Municipals Posted Positive Performance as Yields Moved Lower
Municipals posted positive performance as yields moved lower during the week, supported by the rally in Treasury rates and strong supply and demand technicals. Municipals generally outperformed Treasuries, with Municipal/Treasury ratios declining in short and intermediate maturities. The Bloomberg Barclays Municipal Index returned 0.21 % while the HY Muni Index returned 0.40%. This week, as state and local governments continue to progress through budget season, we explore the outlook for the local general obligation (Local GO) sector.
Supply and Demand Technicals Remained Strong During the Holiday-Shortened Week
Fund Flows: During the week ending June 2, municipal mutual funds recorded $997 million of net inflows. Long-term funds recorded $565 million of inflows, high-yield funds recorded $372 million of inflows and intermediate funds recorded $97 million of inflows. Net inflows year to date (YTD) continued at a record pace, reaching $49.7 billion.
Supply: The muni market recorded $5.9 billion of new-issue volume during the holiday-shortened week. Total issuance YTD of $182 billion is 20% higher from last year’s levels, with tax-exempt issuance trending 19% higher year-over-year and taxable issuance 23% higher. This week’s new-issue calendar is expected to more than double, with an expected $12.7 billion of new issuance. The largest deals include $2.7 billion taxable Kaiser Permanente and $1.1 billion state of Georgia transactions.
This Week in Munis: Looking at Locals
As state and local governments continue to progress through budget season, this week we explore the outlook for the Local GO sector, the largest municipal sector by number of issuers. Local GO credit benefited from a sound fiscal position going into the pandemic, and revenues were largely unimpaired from the effects of the pandemic’s economic disruptions.
While local government revenues are traditionally characterized by property tax collections, which have remained resilient throughout the pandemic due to the improving housing market (Exhibit 1), the primary sources of local government revenues are downstream transfers from federal and state governments, representing 35% of local tax collections (Exhibit 2).

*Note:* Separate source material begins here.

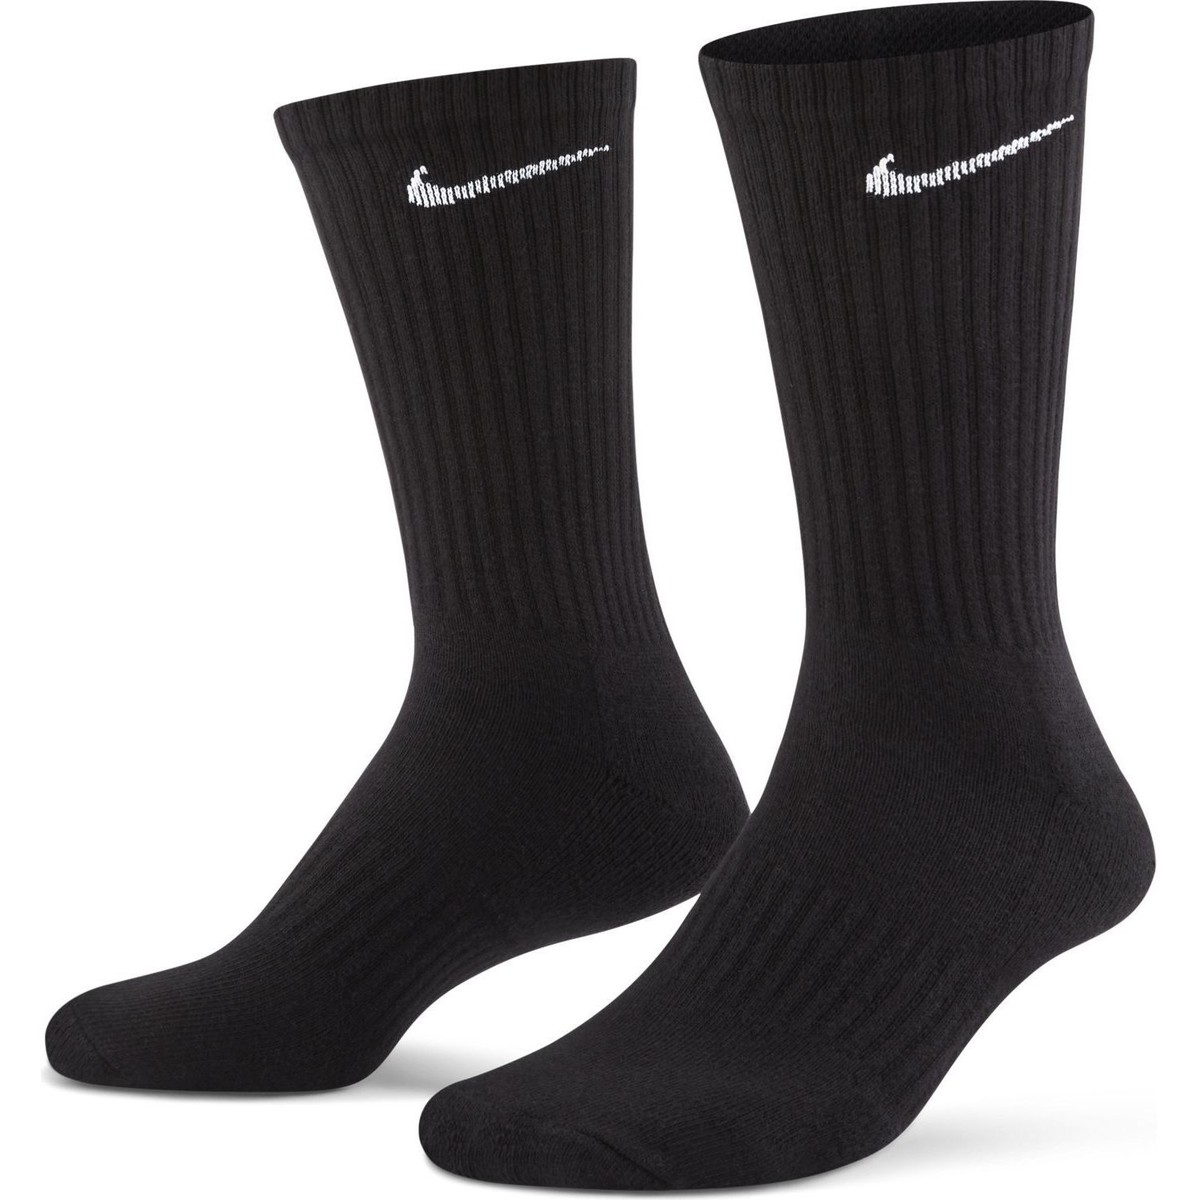 Nike Noir Chaussettes Everyday Cushioned 3 Paires trYAQ

Considering the scope of unemployment, uncertainty around tax collections and the potential for austerity at the state level, these downstream intergovernmental transfers were vulnerable during the depth of the pandemic. However, the massive federal stimulus measures that followed not only supported economic activity and tax collections, but allocated more than $500 billion of direct federal support to state and local governments. This intervention was critical to support downstream revenues as local government expenditures are largely essential and fixed (e.g., education, safety, debt repayment and pension obligations), leaving limited discretion to cure substantial revenue shortfalls.

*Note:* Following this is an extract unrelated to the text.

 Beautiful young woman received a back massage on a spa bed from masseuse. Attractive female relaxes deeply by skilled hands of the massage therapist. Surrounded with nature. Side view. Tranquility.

While we expect that a vaccine-driven return to normalcy will suppress most remaining volatility in the sector and ultimately improve local government credit metrics, not all local governments were on equal footing entering the pandemic, and we expect there will continue to be intermittent pockets of credit pressure within the sector due to outsized dependence on vulnerable economic sectors, existing or developing structural revenue/expenditure imbalances, or unusually large fixed costs such as outsized pension obligations.
From a valuation perspective, we believe investors have already “priced in” the fiscal picture of well managed locals and the cushioning effects of federal support early on in the pandemic, which limited relative value opportunities in the sector. As a result, Western Asset remains underweight the Local GO sector. However, we believe the pandemic-related drawdowns and subsequent unprecedented governmental support have offered an opportunity to reassess risk-adjusted relative value at the issuer level. As we continue to see evidence of local municipalities move from projected deficits to surpluses, we are focusing on localities that utilize new-found capital to address long-term structural issues rather than fund non-essential short-term benefits.